In primo luogo, se si concorda con l’idea che TicinoCoin debba essere una cosiddetta stablecoin, ossia una valuta non liberamente fluttuante contro tutte le altre bensì con un legame fisso ad un controvalore, in casu il franco svizzero, il coinvolgimento dell’istituto bancario cantonale potrebbe facilitare la custodia dei franchi svizzeri corrisposti in controvalore dei TicinoCoin messi in libera circolazione. Il fatto che il controvalore in franchi svizzeri sia al sicuro presso la banca di proprietà e controllata dal Cantone dovrebbe verosimilmente aumentare la fiducia dei cittadini e dei commercianti nella valuta locale complementare. Inoltre, attraverso il proprio istituto bancario il Cantone avrebbe il controllo sulle attività di emissione e rimborso di TicinoCoin, osservando pertanto in ogni istante quale sia la massa di token in libera circolazione e potendo così monitorare la portata dell’iniziativa.

In secondo luogo, il fatto che TicinoCoin sia una valuta pensata e nata per funzionare attraverso la blockchain permette un legame diretto con il settore ticinese del FinTech.
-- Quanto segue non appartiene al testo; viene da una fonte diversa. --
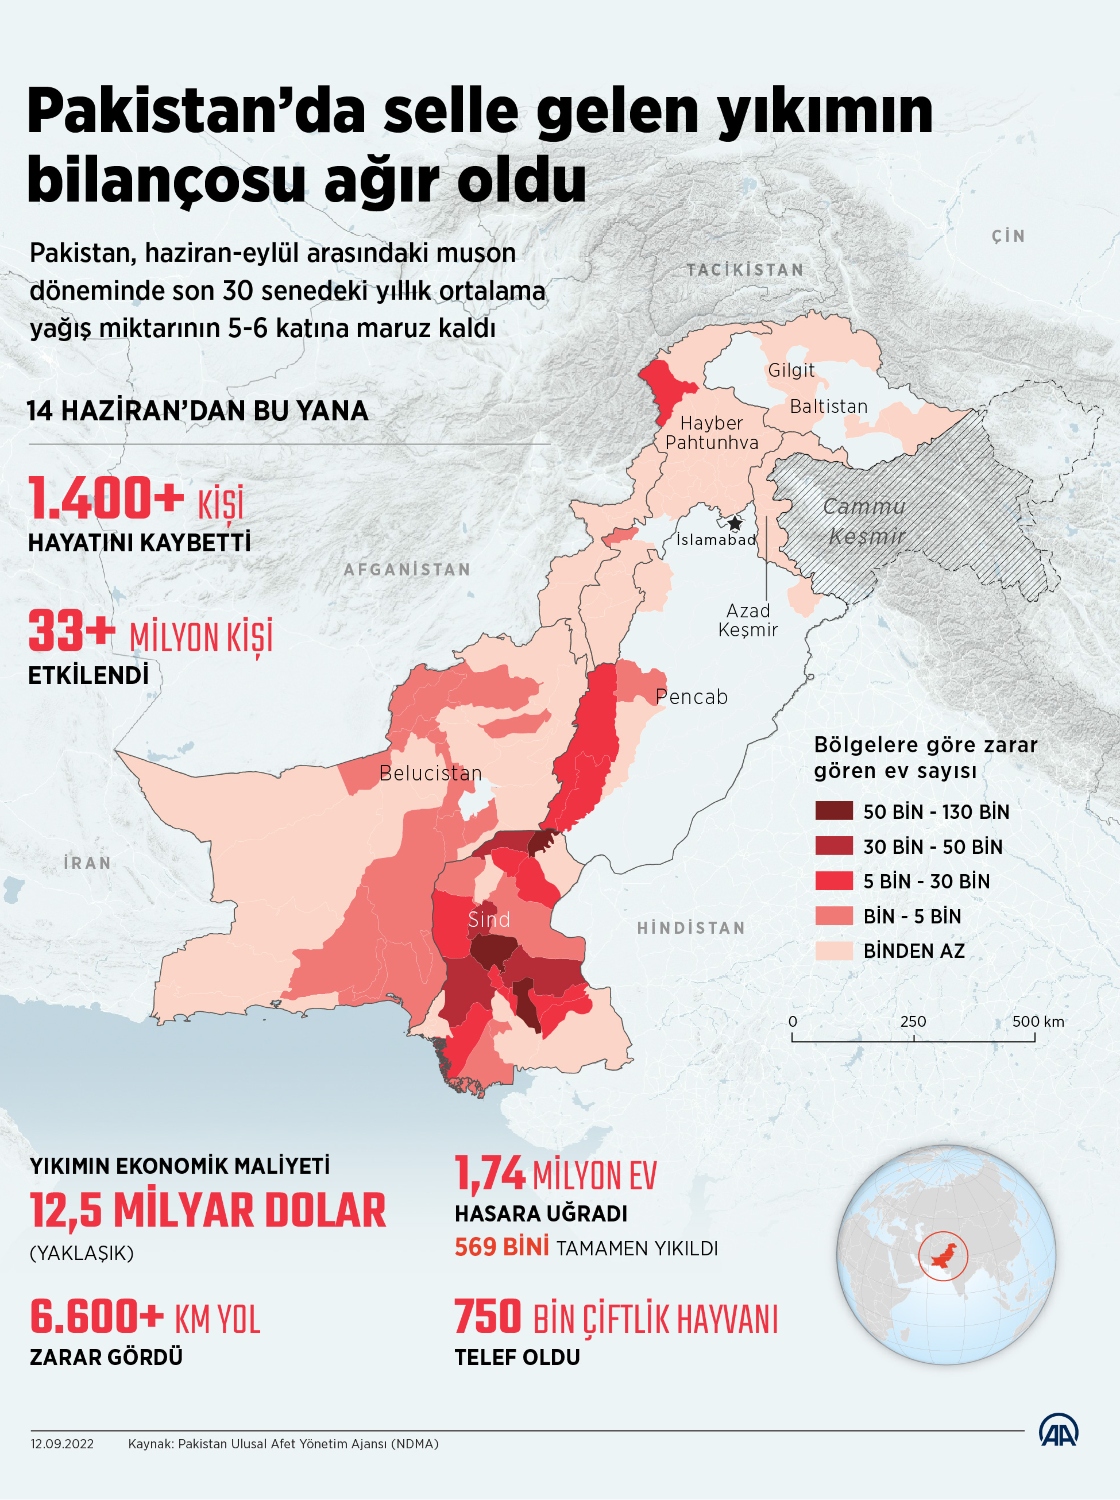 Pakistan’da selle gelen yıkımın bilançosu ağır oldu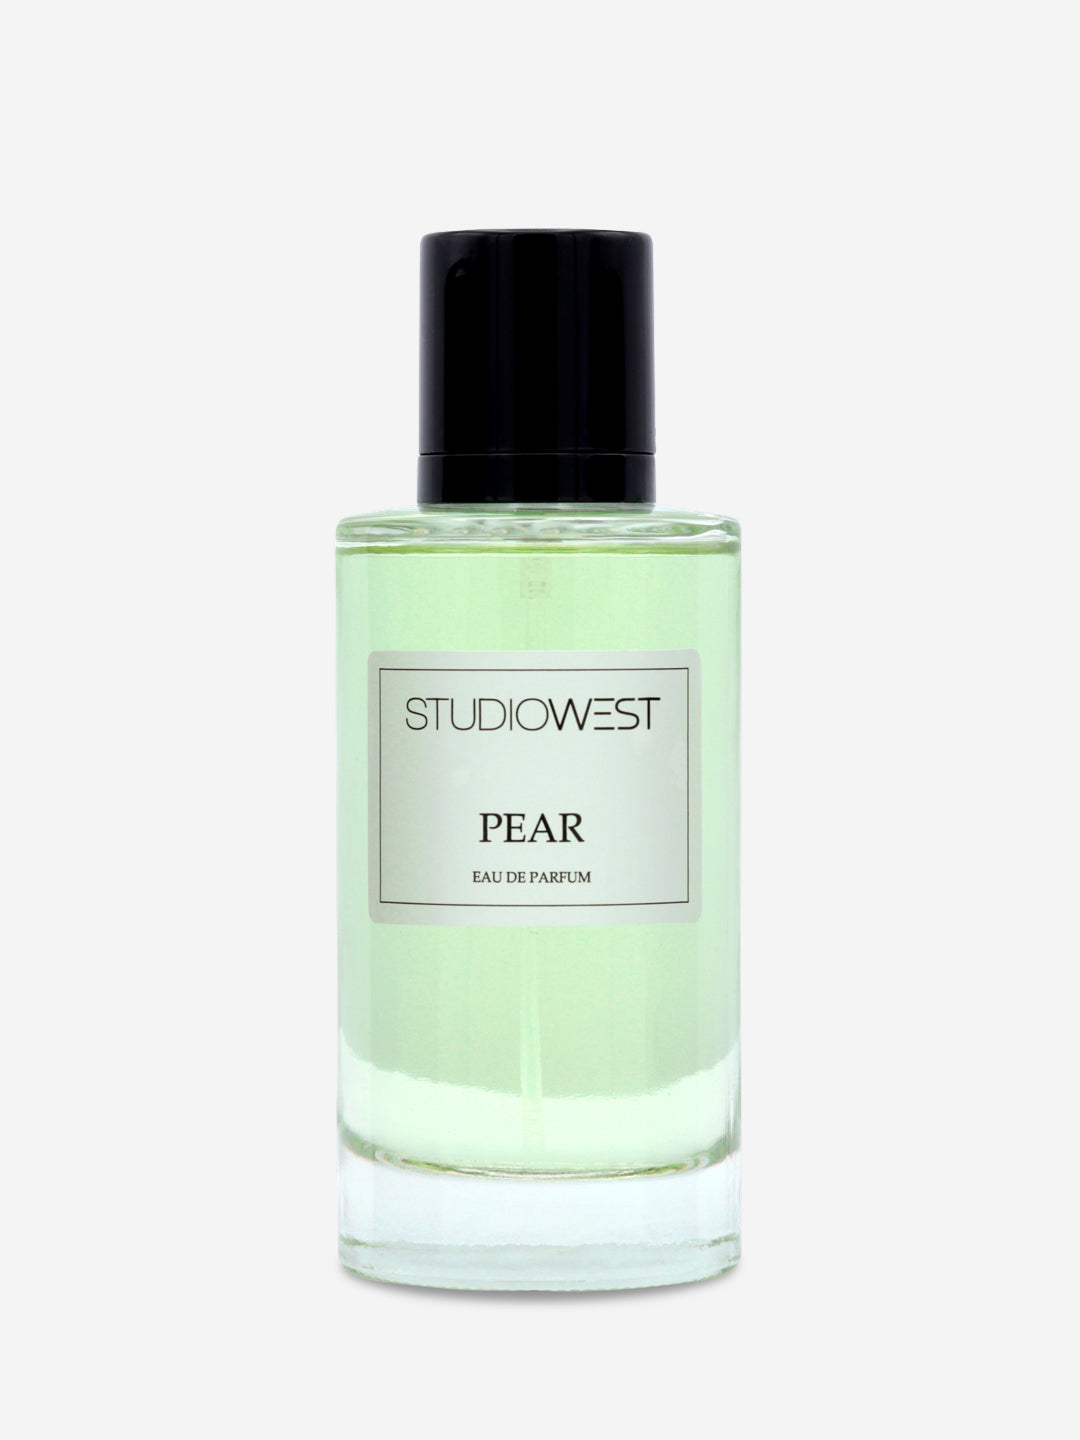 Studiowest Pear EAU DE Parfum 100ml

Come si è visto alla sezione precedente, oltre che essere particolarmente sviluppato nel confronto intercantonale, il FinTech ticinese sta negli ultimi anni assurgendo a una delle nuove forme di evoluzione e sviluppo della piazza finanziaria locale. La presenza in Ticino della decennale esperienza bancaria nonché di industria e istituti di formazione di punta in ambito informatico e tecnologico dovrebbero porre le buone premesse per un continuo sviluppo del settore.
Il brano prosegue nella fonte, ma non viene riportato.